Solution: UCapture is an easy, fun and free way to offset your carbon footprint when you shop online.
How UCapture Works:
- We’ve formed affiliate marketing relationships with over 25,000 online stores, like Expedia and Target.
- We’ve built a browser extension that is available in Chrome, Firefox, Edge and 3 other browsers.
- Our extension activates on partner websites; triggering UCapture to earn a commission when users shop.
- We use two-thirds of our commission to fund verified carbon offset projects, like reforestation.
- Our extension also automatically applies the best coupon code available, so users can save money and save the planet.
- Mobile App: Our mobile solution will replicate our extension’s functionality for mobile shopping, tapping UCapture into a growing segment of e-commerce and boosting the value of each user.
- In-Person: We’ll bring UCapture’s business model to over 20,000 retail locations in the US through a card-linked system that will tap into in-store spending (proceed after capital raise).
- White-Label Partnerships: Monetize our technology further by offering other companies a turn-key solution for a customized loyalty program, boosting revenue and diversifying distribution (first contract signed with EnergyAustralia).
- Payments: We’ll expand to payment technologies, such as developing a rewards credit card that funds carbon offsets with every purchase (in development at Bankia FinTech accelerator).
Traction & Roadmap:
More than 4,000 users have generated over $55,000 in commissions which has led to over 7,000 tons of carbon offset by UCapture.

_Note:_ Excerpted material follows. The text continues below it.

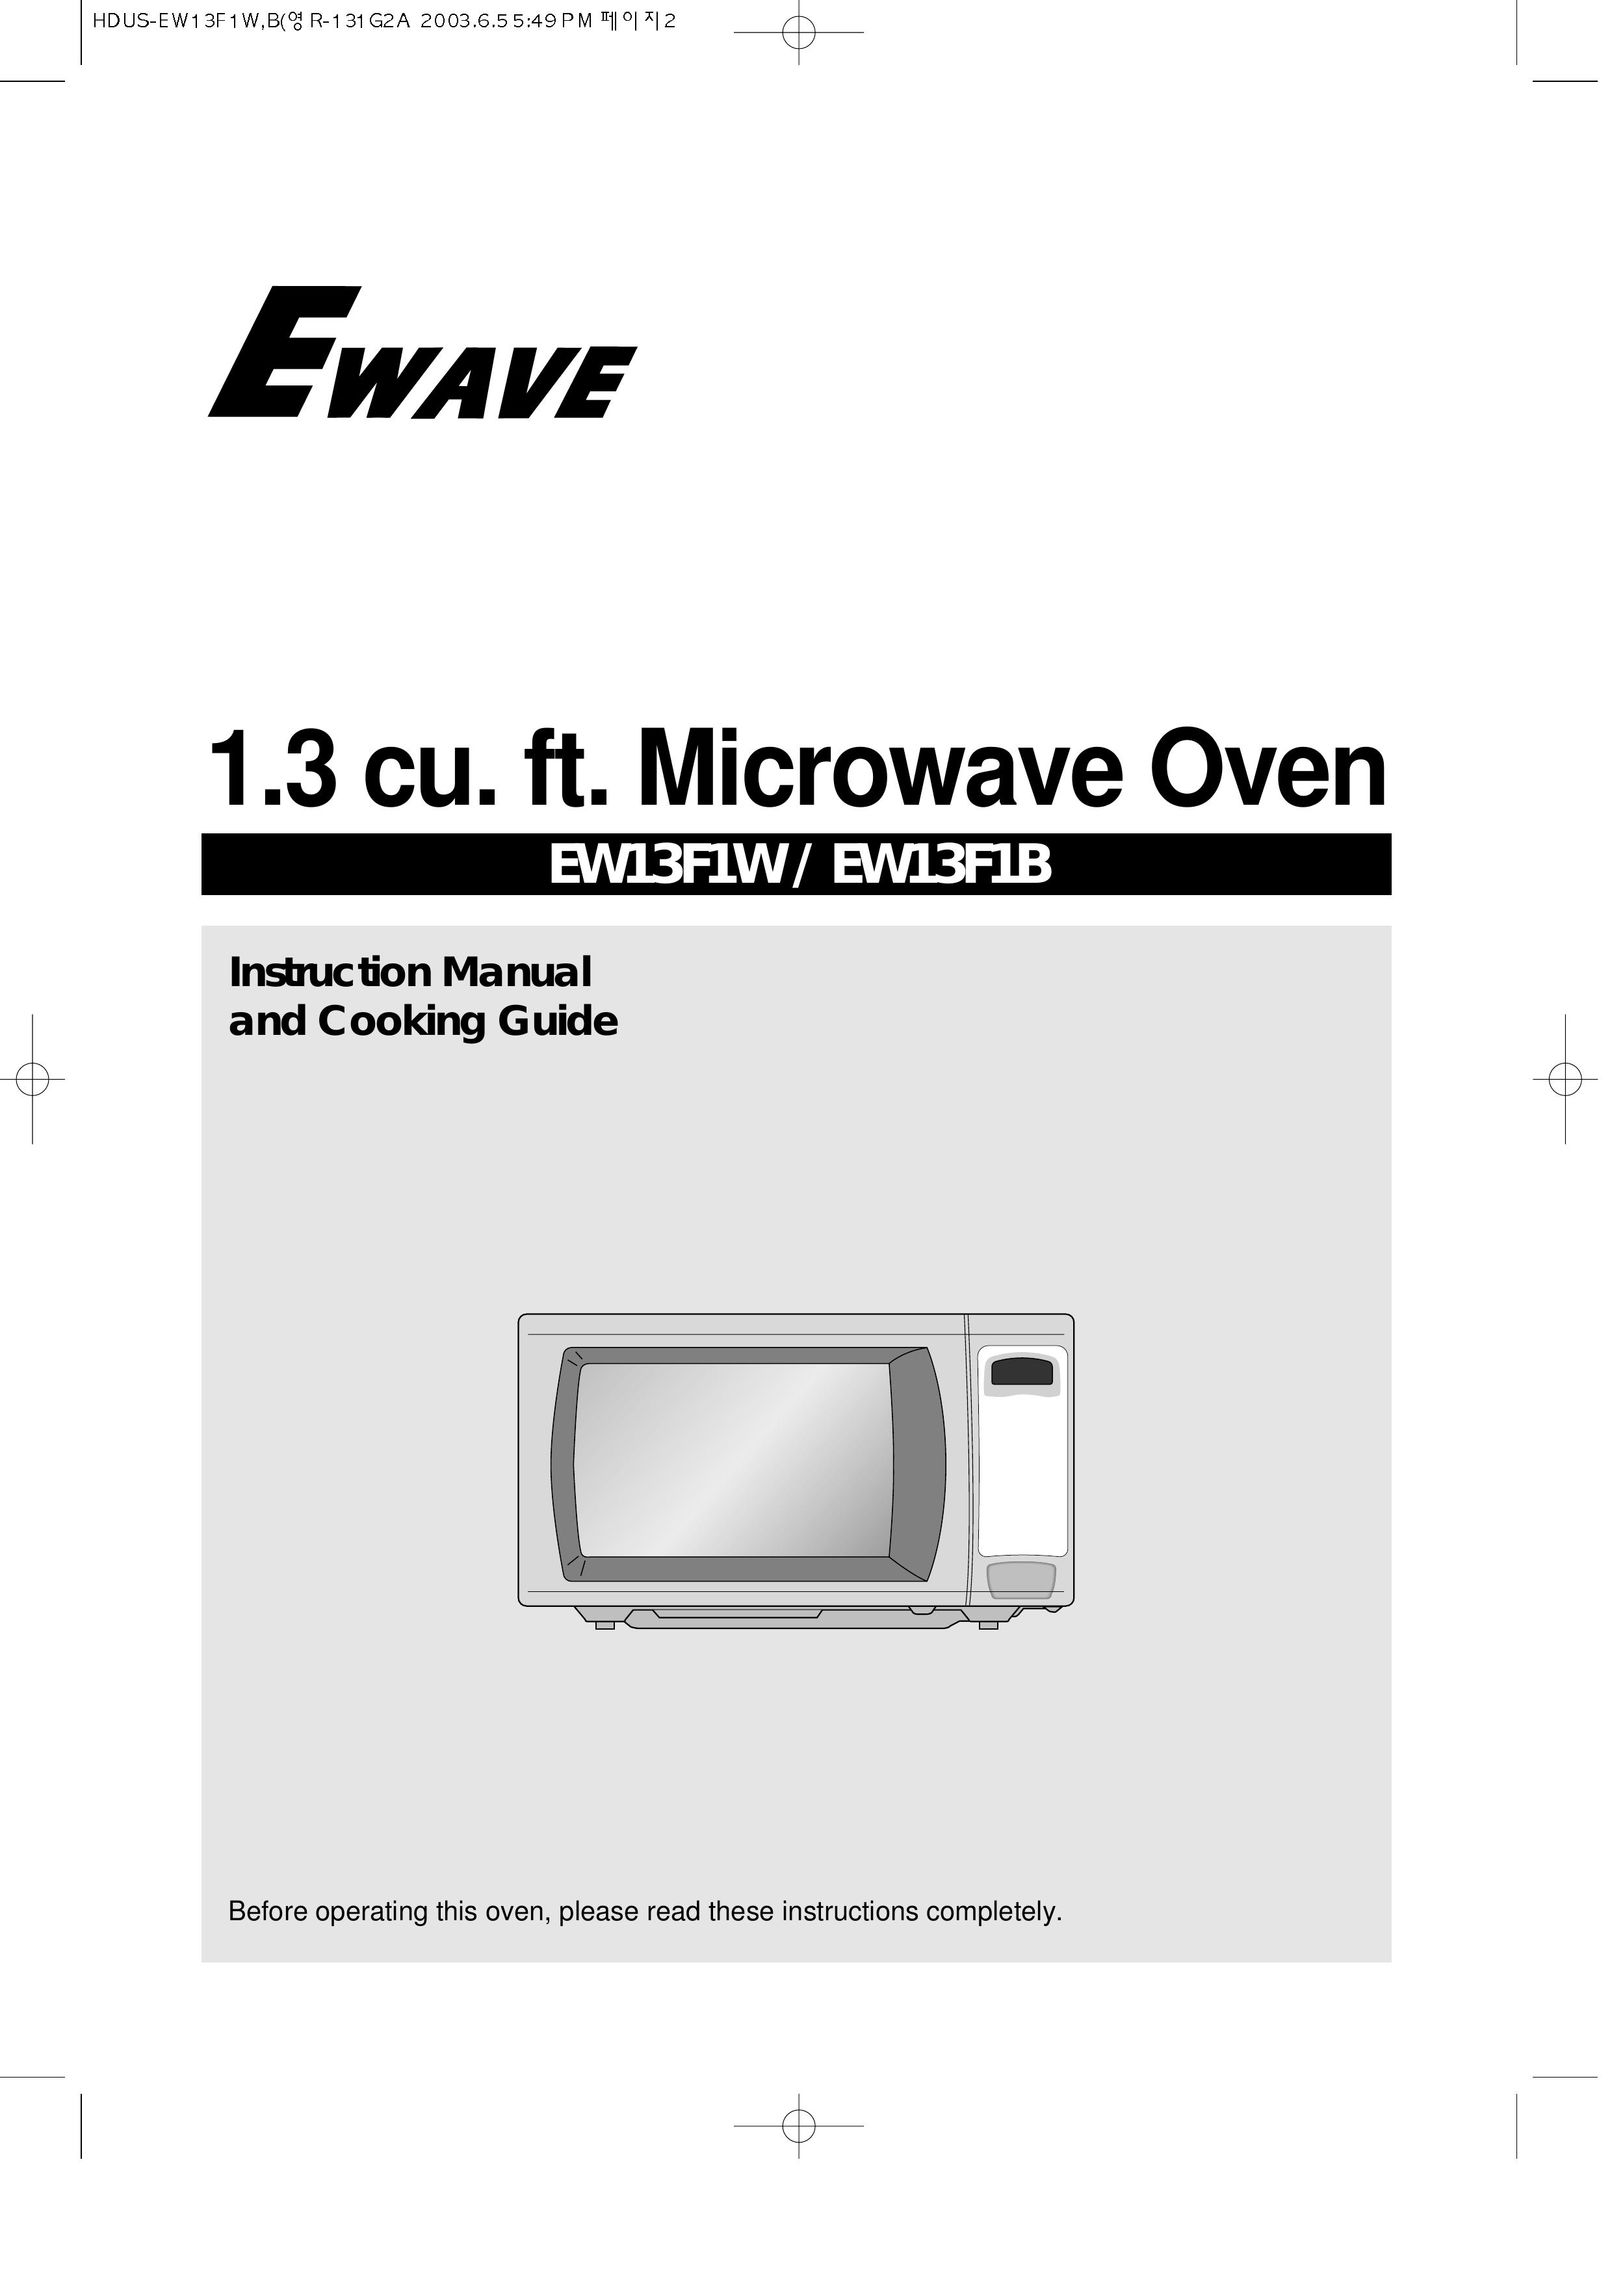 Magic Chef EW13F1W Microwave Oven User Manual

In 2020, we will add to our product suite using the Seed capital raised; then, in 2021, we’ll conduct a Series A round to raise scale-up capital for a full-court marketing press.
A Side by Side offering refers to a deal that is raising capital under two offering types. If you plan on investing less than US $20,000.00, you will automatically invest under the Regulation CF offering type. If you invest more than US $20,000.00, you must be an accredited investor and invest under the Regulation D offering type.
US $13,500 (under Reg CF only)
Investors who invest $100,000 or less will have their securities held in trust with a Custodian that will serve as a single shareholder of record. These investors will be subject to the Custodian’s Account Agreement, including the electronic delivery of all required information.
Early Birds | Invest by Friday, March 27th to receive a t-shirt and 1 ton of carbon offset
$1,000+ | Receive a t-shirt
$10,000+ | Receive a t-shirt and 10 tons of Carbon Offset
$50,000+ | Above + quarterly call with Co-Founders
It is advised that you consult a tax professional to fully understand any potential tax implications of receiving investor perks before making an investment.
Globally-Scalable: A markets-based solution to tackling climate change using online and offline marketing, our technology works everywhere (browser extension, mobile app, affiliate marketing), and we already have a global mix of online partners. Further, our approach to climate change does not rely on the actions of governments or regulators. It is a power-to-the-people solution.
Universally Relevant: Global warming is inherently global. We believe UCapture can be swiftly adopted in most major consumer markets where people are increasingly searching for approaches to harmonize consumption with the environment. We empower consumers to build their own green-economy, and can become one of the driving forces in the fight against climate change.
Trending Concepts: Research shows 70% of consumers are concerned about climate change. As concern becomes action, UCapture is positioned to be the go-to platform for reaching personal carbon footprint goals. On the retail side, trends in Corporate Social Responsibility have made partnering with UCapture an easy decision and enabled us to extract favorable terms.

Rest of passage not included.